Adam biraz düşündü sonra konuşmaya başladı.

"Burda kimse oturmuyor. Ama arada gözlüklü bir çocuk oraya uğruyor. Bir kere kapıdan hafif içerisini görmüştım onunla konuşurken. İçerisi temiz di ama hiç eşya yoktu. Ama bir sürü kablo vardı, neden bilmem." Dedi adam.

Kablo mu ? Neyin kablosuydu acaba. Emreye baktım, derin düşüncelere dalmıştı.

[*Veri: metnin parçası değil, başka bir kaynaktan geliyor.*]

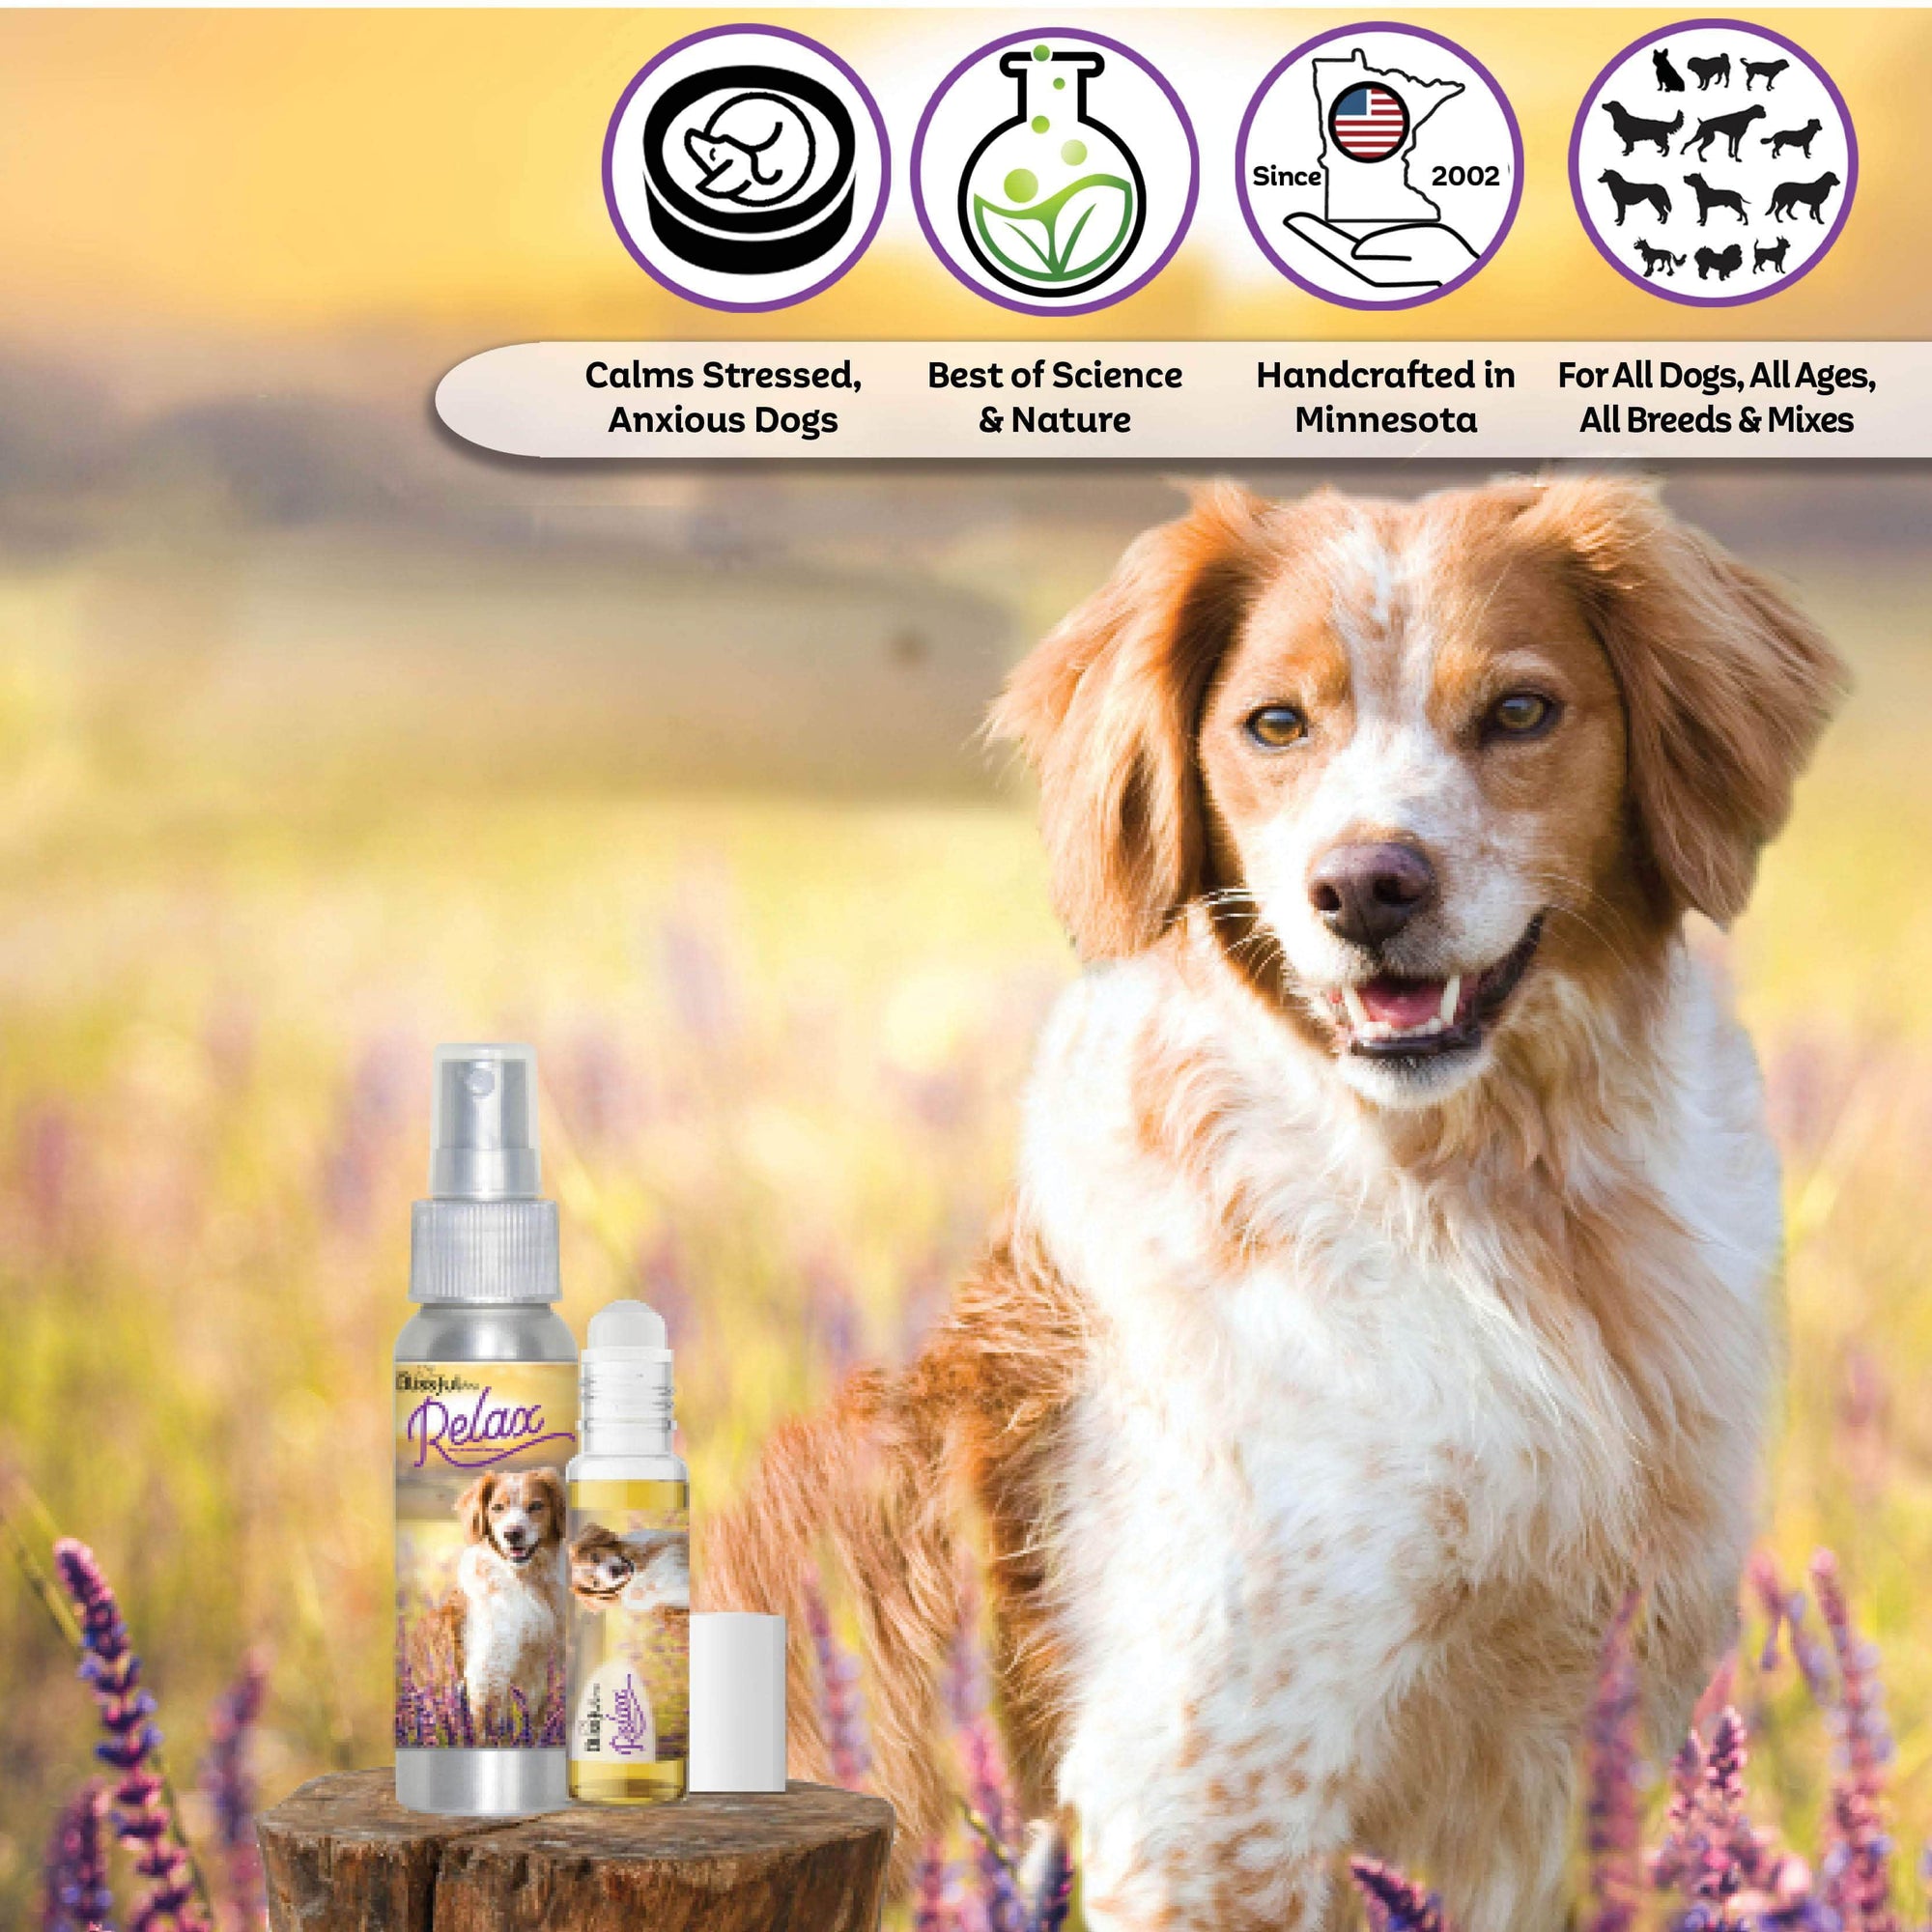 Brittany dog aromatherapy

"İçeri nasıl girebiliriz bir fikriniz var mı acaba abi ?" Diye sordum. Emre hızlıca bana baktı. Sanki içeri girmenin iyi bir fikir olduğundan emin değildi.

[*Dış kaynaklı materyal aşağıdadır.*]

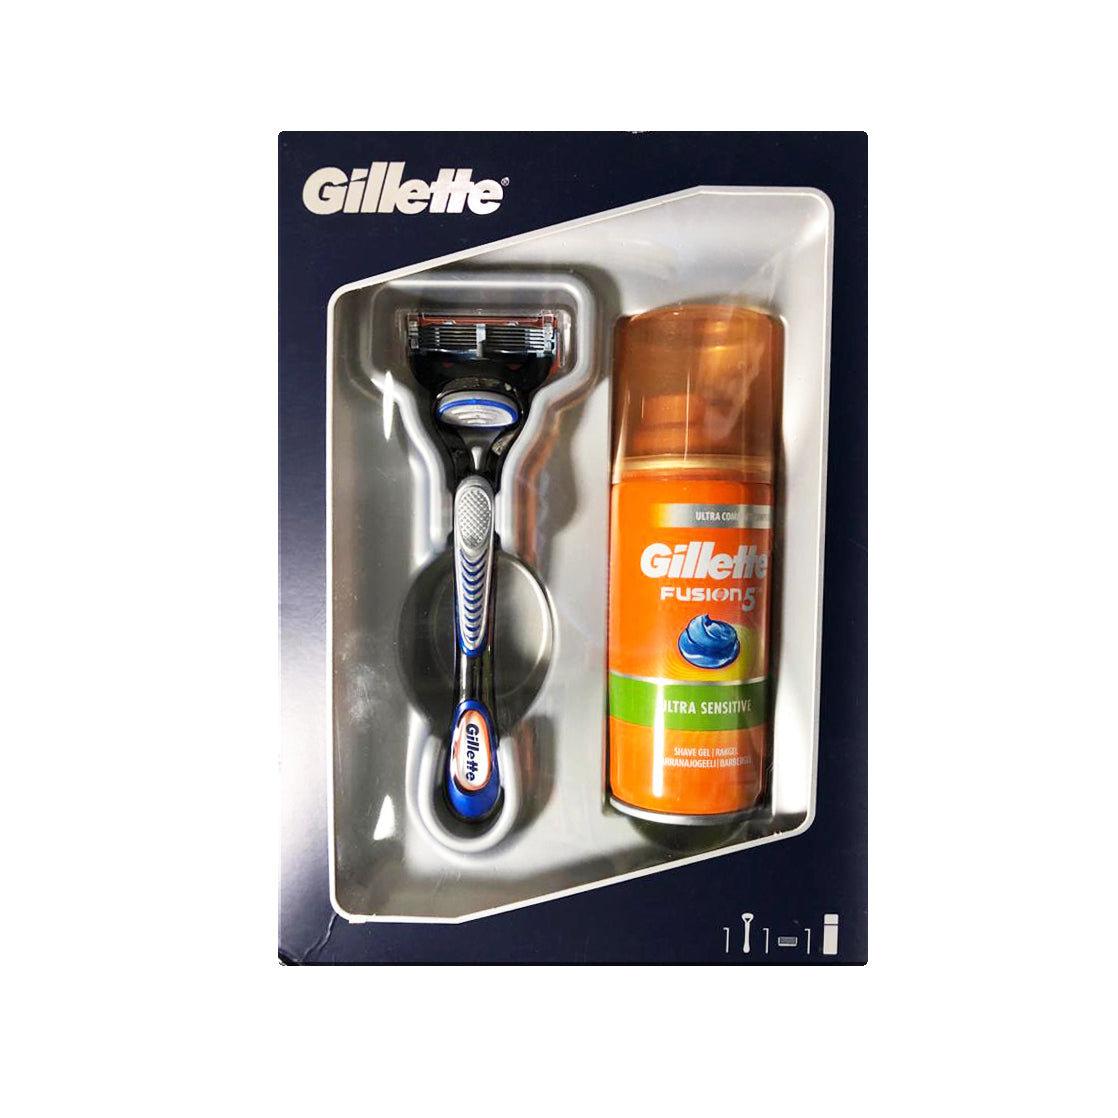 Gillette Fusion 5 Shaving Gift Set

"Ben bu binanın yöneticisini tanıyorum. Size kapıyı açtırabilir, ama neden girmek istiyorsunuz o önemli." Diye bize sorgularcasına baktı.

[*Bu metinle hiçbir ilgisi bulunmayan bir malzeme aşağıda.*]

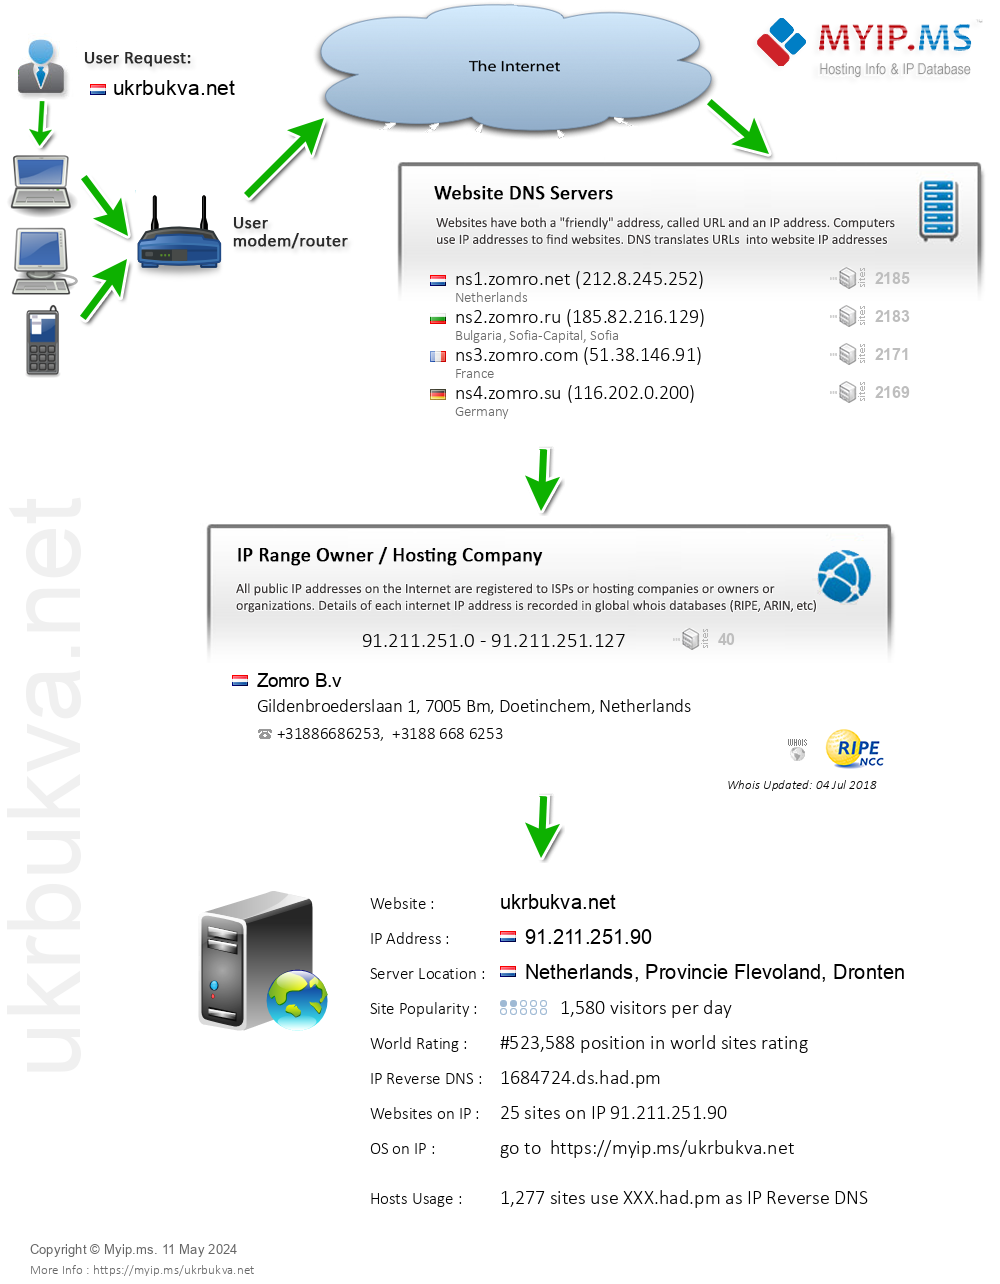 Ukrbukva.net - Website Hosting Visual IP Diagram

"Abi kimseye deme ama arkadaşımızın tehlikede olabileceğini düşünüyoruz. Biliyorsunuz ki de polislerde kanıt olmadan hiçbir şey yapmıyorlar. Lütfen azıcık yardım etseniz ?" Diye yalvaran gözlerle adama baktım.

Adamın surat ifadesi yumuşamıştı. Bizi anlıyormuş gibi duruyordu. Derin bir nefes verdi.

"Ben anahtarı alana kadar ayakta beklemek istemessiniz. Bir çay ya da kahve ister misiniz ?" Dedi ve gerçekten güvenilir bir şekilde gülümsedi.

Emreye baktım. Adama güvenmiş gibi duruyordu.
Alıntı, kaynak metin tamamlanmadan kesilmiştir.